Damaged and the Saint (Damaged #7)

The tenderness in her voice sent a chill through me. For the next few minutes, we fell into silence. Harlow was no doubt thinking about what she shared and how saying the words hadn’t killed her. Her gaze was softer now and I enjoyed the feel of it on me.

By the time the doctor arrived and declared her free to go, Harlow was plotting how to get her parents to agree with her decision to stay with me. I considered helping her plot. After all, I was a manipulative guy. Instead, I kept my mouth shut.

While Harlow was young, she was strong enough to stand on her own. Despite her capabilities, I insisted on carrying her to the SUV as an excuse to hold her close. I was exhausted after a long night and needed my dreamcatcher to keep the demons at bay.





Chapter Nine ~ Harlow


Saint carried me from the SUV to the porch of my house. Saying nothing, he set me down, handed my backpack to me, and left. The guy wasn’t about pointless chatter. I had a decision to make. He gave me my choices. The next step was up to me.

Limping into the house, I heard my parents talking in the kitchen. They only wanted the best for me. Tad and Toni Todds took me in when I was a mess. My family was dead and I was addicted to heroine. My body battered and my mind nearly destroyed, I wasn't sure I wanted to live anymore. Thinking back, I only stayed alive to repay Vaughn for what he gave up by saving me.

Stronger now, I wasn’t that lost girl anymore. With Saint’s help, I could be even stronger, but I didn’t know if my family could understand.

When I entered the kitchen, my parents looked up in unison and stared at me. I saw the questions in their eyes, but they remained silent. Even when they saw me limping, they said nothing.

“Twisted my knee running.”

“Are you okay?” Mom asked, struggling not to panic. “Want me to get an icepack?”

“I’m good. I need to talk to you. Is now a bad time?”

My parents looked at each other and shared a silent conversation. I waited for them to finish while I limped to the fridge to get a glass of sweet tea. When I returned, Dad and Mom had their game faces on.

“What’s up?” Mom asked breezily.

“Saint wants me to stay with him while he’s in town.”

“No,” Dad said immediately, game face replaced by fiercely protective dad face.

“It’s not a sexual thing.”

“Sure.”

“Let’s hear her out,” Mom said then added, “So when we say no, it’ll seem more reasonable.”
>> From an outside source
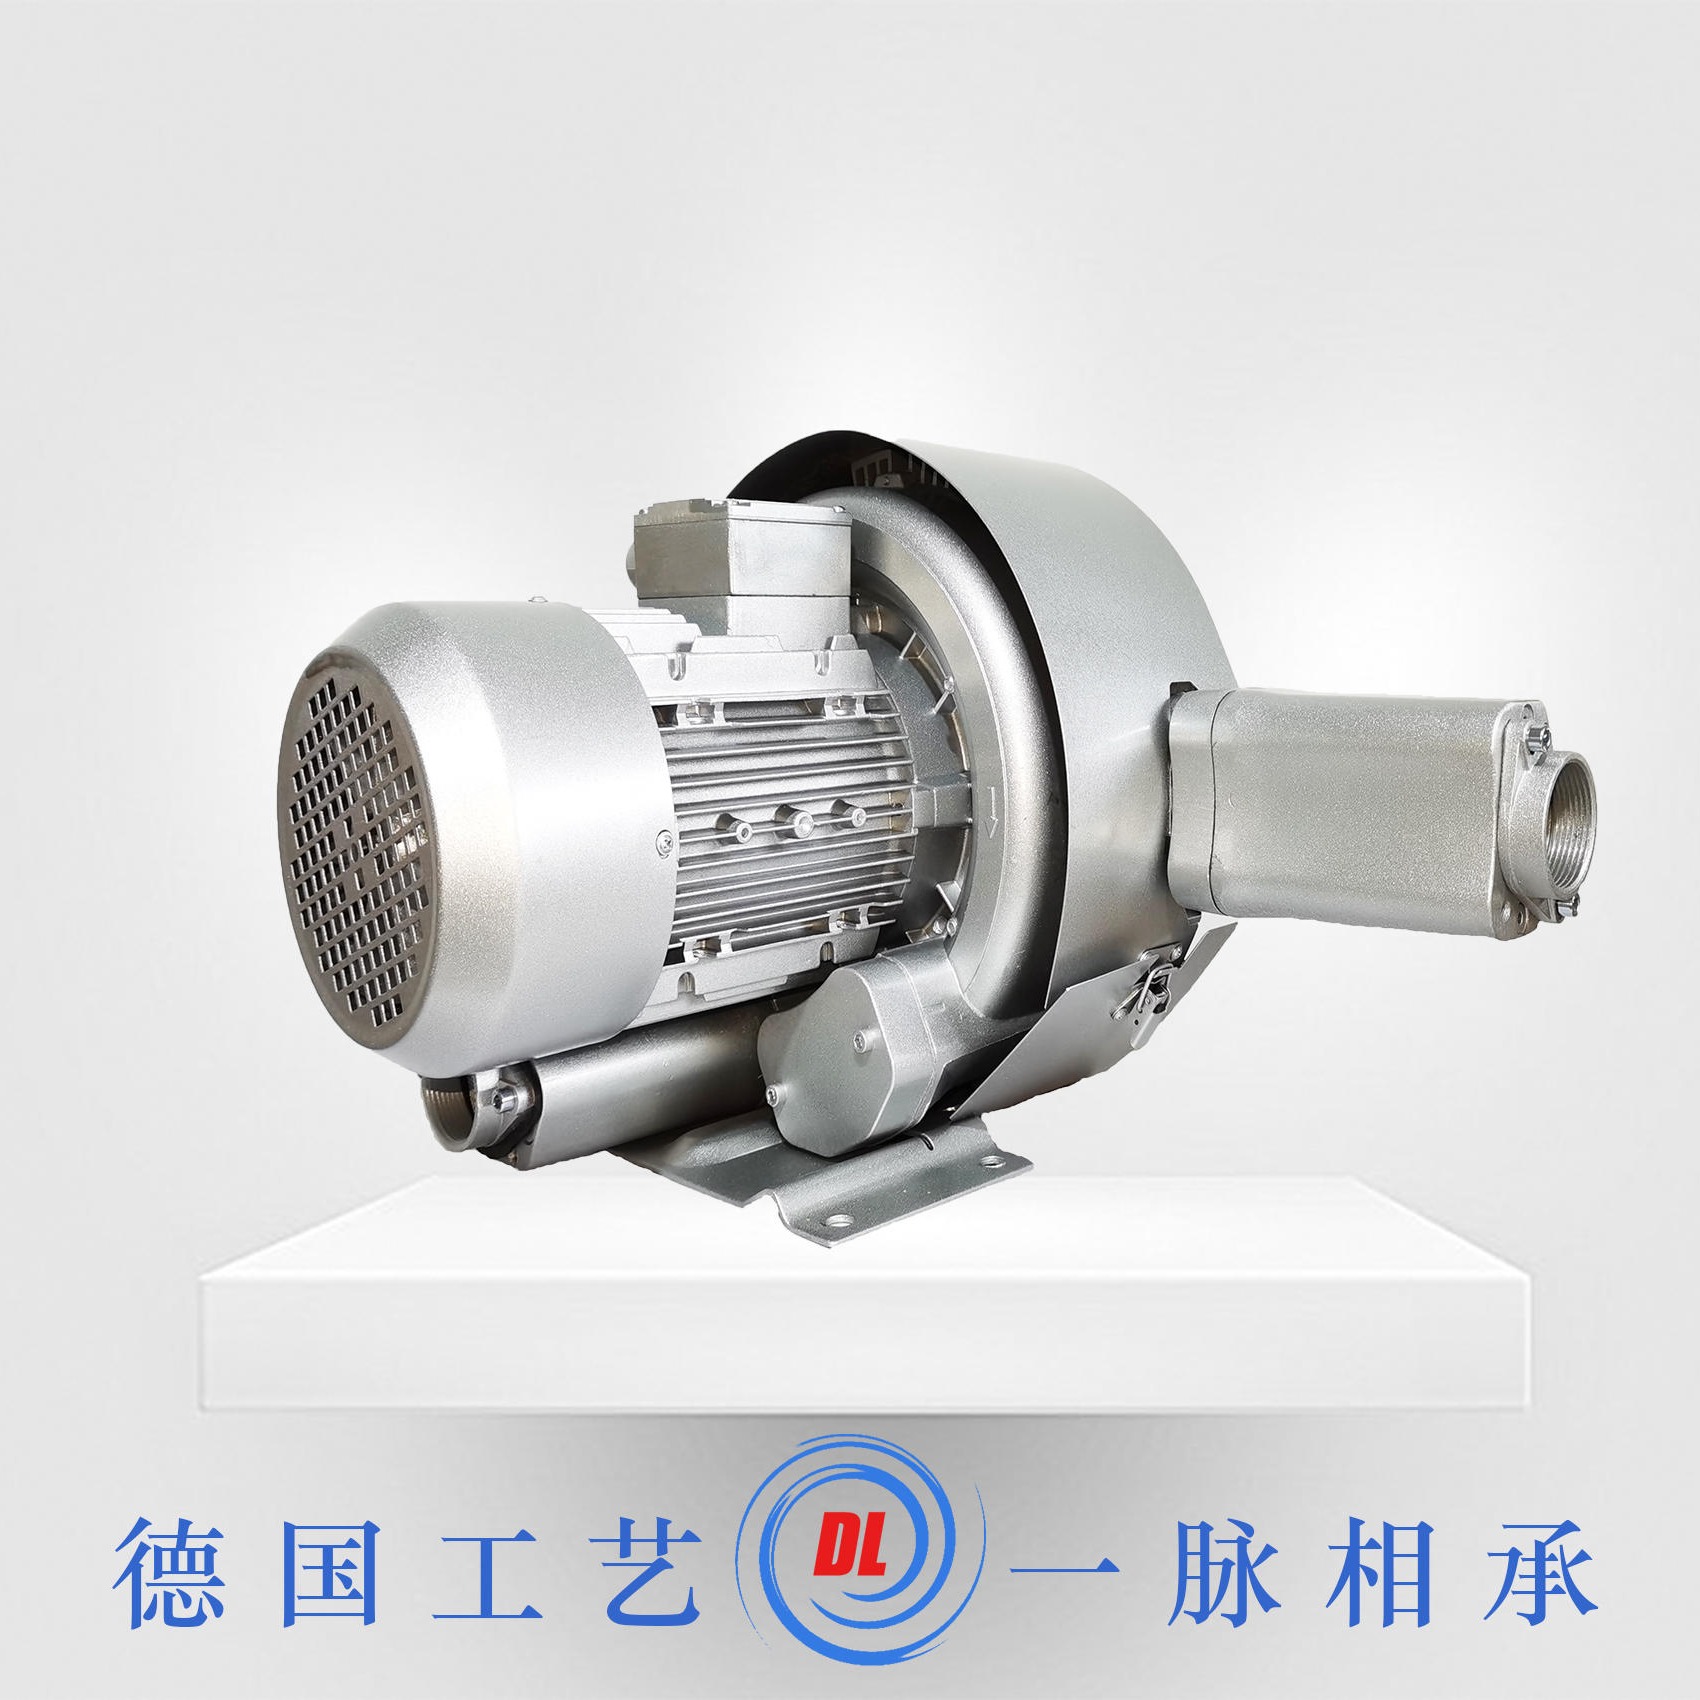 德凌DL-72-X5双级漩涡气泵 7.5kw吸料高压风机图片

My temper insisted I challenge my parents, yet my love for them said to let the comment go. “Saint is like no one I’ve ever met and he pushes me to face things like no one else does.”

“He might be messing with you,” Dad said quietly. “Men like him have the power over life and death. It can get them twisted until they enjoy playing mind games on people.”

“Saint isn’t playing with me. I don’t know how I can explain it to you, but he shared things with me that a man playing games wouldn’t share.”

My mom opened her mouth to ask what things, but likely realized I wouldn’t spill his secrets.

“I was raped,” I said.

They both tensed, thinking I meant by Saint. Logically they knew I wouldn’t protect a bastard who hurt me.

“Saint helped me say that without wanting to hide for the rest of the day in my room. I don’t know how, but he inspires me to face things. I even told him how I hurt my knee and I never told any of my therapists that. I know it doesn’t make sense, but I want to stay with him. He gets me and knows how to push me, but he doesn’t push too hard. I wish I could explain better. I just can’t give up this chance. He’s only in town for like a week.”

“Are you asking to stay with him or telling us you’re doing it?” Dad asked in his scary father voice.

“Both.”

Sighing, Dad leaned back. “You know how we feel. I guess I could threaten Saint with what’ll happen if he hurts you, but I doubt he’d be impressed.”

“Why does he want you to stay with him?” Mom asked. “What does he get out of it, if it’s not sexual?”

“Small towns make him restless. For whatever reason, he likes me and I entertain him. I think it’s the part where I tried to kick his ass.”

“You know nothing about this guy,” Dad pointed out, not giving into the idea easily.

“I knew nothing about Vaughn either. He was a big scary stranger who saved me and brought me to you. When he showed up in Ellsberg, did you think he was a good man? Probably not. People think all kinds of stuff about you, Dad. Either you’re soft because you’re a pastor or you’re a thug because you’re in the club. Mom, you know people talked crap about Dad when you first met.”

“This isn’t really the same thing.”

“How do you figure? Saint could have hurt me in the woods when I freaked out on him. He just blocked my crap moves and waited until I was done being weird. Instead of thinking I was a loser, he offered to train me. In a few hours with him, I already feel stronger than I have after all those years in therapy. I’m doing this.”